Work required.
Output all records precisely as written.

Records for processing.
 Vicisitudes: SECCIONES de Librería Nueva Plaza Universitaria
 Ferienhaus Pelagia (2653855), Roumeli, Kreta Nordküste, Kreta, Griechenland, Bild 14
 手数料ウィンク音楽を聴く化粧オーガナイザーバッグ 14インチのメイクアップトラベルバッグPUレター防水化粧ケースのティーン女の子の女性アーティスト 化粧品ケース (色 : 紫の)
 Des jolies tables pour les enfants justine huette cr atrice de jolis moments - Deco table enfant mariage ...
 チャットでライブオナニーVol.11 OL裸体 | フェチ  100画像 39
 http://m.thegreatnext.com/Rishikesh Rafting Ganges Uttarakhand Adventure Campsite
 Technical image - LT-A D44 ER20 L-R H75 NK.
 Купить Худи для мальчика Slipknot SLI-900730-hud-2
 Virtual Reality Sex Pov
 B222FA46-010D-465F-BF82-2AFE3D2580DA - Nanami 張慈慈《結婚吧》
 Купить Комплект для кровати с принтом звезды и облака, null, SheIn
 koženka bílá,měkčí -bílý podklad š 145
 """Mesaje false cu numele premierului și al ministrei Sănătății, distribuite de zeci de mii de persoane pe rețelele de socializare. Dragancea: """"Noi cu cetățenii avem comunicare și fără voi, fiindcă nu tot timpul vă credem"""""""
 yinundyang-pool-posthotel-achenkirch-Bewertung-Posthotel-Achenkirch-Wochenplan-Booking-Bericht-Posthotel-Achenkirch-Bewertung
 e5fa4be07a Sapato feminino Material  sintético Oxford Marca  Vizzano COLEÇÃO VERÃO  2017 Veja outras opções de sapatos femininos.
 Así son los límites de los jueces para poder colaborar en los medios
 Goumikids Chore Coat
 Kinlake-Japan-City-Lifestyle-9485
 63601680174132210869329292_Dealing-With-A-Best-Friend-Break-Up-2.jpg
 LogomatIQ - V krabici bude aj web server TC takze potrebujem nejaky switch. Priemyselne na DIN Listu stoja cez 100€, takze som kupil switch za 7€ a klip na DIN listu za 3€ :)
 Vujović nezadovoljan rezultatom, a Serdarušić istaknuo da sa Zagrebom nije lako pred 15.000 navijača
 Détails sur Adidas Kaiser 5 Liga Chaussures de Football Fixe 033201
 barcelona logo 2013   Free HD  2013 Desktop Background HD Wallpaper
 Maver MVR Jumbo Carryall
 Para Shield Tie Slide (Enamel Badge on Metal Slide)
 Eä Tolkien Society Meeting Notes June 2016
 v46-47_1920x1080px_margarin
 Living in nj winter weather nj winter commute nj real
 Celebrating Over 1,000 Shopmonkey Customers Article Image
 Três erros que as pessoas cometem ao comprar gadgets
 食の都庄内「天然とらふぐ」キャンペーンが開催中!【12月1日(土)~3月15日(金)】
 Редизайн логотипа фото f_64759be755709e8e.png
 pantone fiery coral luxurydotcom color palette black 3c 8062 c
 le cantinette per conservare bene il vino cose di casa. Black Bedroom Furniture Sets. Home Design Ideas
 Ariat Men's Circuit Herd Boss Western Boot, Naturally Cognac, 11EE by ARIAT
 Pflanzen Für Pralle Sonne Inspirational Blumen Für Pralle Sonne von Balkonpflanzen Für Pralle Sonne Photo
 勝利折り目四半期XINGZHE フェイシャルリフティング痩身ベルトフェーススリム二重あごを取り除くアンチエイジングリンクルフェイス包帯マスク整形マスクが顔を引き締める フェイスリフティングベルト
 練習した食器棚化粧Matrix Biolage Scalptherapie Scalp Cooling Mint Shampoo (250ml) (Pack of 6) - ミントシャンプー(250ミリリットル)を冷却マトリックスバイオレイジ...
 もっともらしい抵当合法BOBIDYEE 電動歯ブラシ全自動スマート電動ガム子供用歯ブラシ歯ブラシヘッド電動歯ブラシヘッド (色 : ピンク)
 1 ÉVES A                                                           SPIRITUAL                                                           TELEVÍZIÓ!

Written solution.
 Vicisitudes: SECCIONES de Librería Nueva Plaza Universitaria
 Ferienhaus Pelagia (2653855), Roumeli, Kreta Nordküste, Kreta, Griechenland, Bild 14
 手数料ウィンク音楽を聴く化粧オーガナイザーバッグ 14インチのメイクアップトラベルバッグPUレター防水化粧ケースのティーン女の子の女性アーティスト 化粧品ケース (色 : 紫の)
 Des jolies tables pour les enfants justine huette cr atrice de jolis moments - Deco table enfant mariage ...
 チャットでライブオナニーVol.11 OL裸体 | フェチ  100画像 39
 http://m.thegreatnext.com/Rishikesh Rafting Ganges Uttarakhand Adventure Campsite
 Technical image - LT-A D44 ER20 L-R H75 NK.
 Купить Худи для мальчика Slipknot SLI-900730-hud-2
 Virtual Reality Sex Pov
 B222FA46-010D-465F-BF82-2AFE3D2580DA - Nanami 張慈慈《結婚吧》
 Купить Комплект для кровати с принтом звезды и облака, null, SheIn
 koženka bílá,měkčí -bílý podklad š 145
 """Mesaje false cu numele premierului și al ministrei Sănătății, distribuite de zeci de mii de persoane pe rețelele de socializare. Dragancea: """"Noi cu cetățenii avem comunicare și fără voi, fiindcă nu tot timpul vă credem"""""""
 yinundyang-pool-posthotel-achenkirch-Bewertung-Posthotel-Achenkirch-Wochenplan-Booking-Bericht-Posthotel-Achenkirch-Bewertung
 e5fa4be07a Sapato feminino Material  sintético Oxford Marca  Vizzano COLEÇÃO VERÃO  2017 Veja outras opções de sapatos femininos.
 Así son los límites de los jueces para poder colaborar en los medios
 Goumikids Chore Coat
 Kinlake-Japan-City-Lifestyle-9485
 63601680174132210869329292_Dealing-With-A-Best-Friend-Break-Up-2.jpg
 LogomatIQ - V krabici bude aj web server TC takze potrebujem nejaky switch. Priemyselne na DIN Listu stoja cez 100€, takze som kupil switch za 7€ a klip na DIN listu za 3€ :)
 Vujović nezadovoljan rezultatom, a Serdarušić istaknuo da sa Zagrebom nije lako pred 15.000 navijača
 Détails sur Adidas Kaiser 5 Liga Chaussures de Football Fixe 033201
 barcelona logo 2013   Free HD  2013 Desktop Background HD Wallpaper
 Maver MVR Jumbo Carryall
 Para Shield Tie Slide (Enamel Badge on Metal Slide)
 Eä Tolkien Society Meeting Notes June 2016
 v46-47_1920x1080px_margarin
 Living in nj winter weather nj winter commute nj real
 Celebrating Over 1,000 Shopmonkey Customers Article Image
 Três erros que as pessoas cometem ao comprar gadgets
 食の都庄内「天然とらふぐ」キャンペーンが開催中!【12月1日(土)~3月15日(金)】
 Редизайн логотипа фото f_64759be755709e8e.png
 pantone fiery coral luxurydotcom color palette black 3c 8062 c
 le cantinette per conservare bene il vino cose di casa. Black Bedroom Furniture Sets. Home Design Ideas
 Ariat Men's Circuit Herd Boss Western Boot, Naturally Cognac, 11EE by ARIAT
 Pflanzen Für Pralle Sonne Inspirational Blumen Für Pralle Sonne von Balkonpflanzen Für Pralle Sonne Photo
 勝利折り目四半期XINGZHE フェイシャルリフティング痩身ベルトフェーススリム二重あごを取り除くアンチエイジングリンクルフェイス包帯マスク整形マスクが顔を引き締める フェイスリフティングベルト
 練習した食器棚化粧Matrix Biolage Scalptherapie Scalp Cooling Mint Shampoo (250ml) (Pack of 6) - ミントシャンプー(250ミリリットル)を冷却マトリックスバイオレイジ...
 もっともらしい抵当合法BOBIDYEE 電動歯ブラシ全自動スマート電動ガム子供用歯ブラシ歯ブラシヘッド電動歯ブラシヘッド (色 : ピンク)
 1 ÉVES A                                                           SPIRITUAL                                                           TELEVÍZIÓ!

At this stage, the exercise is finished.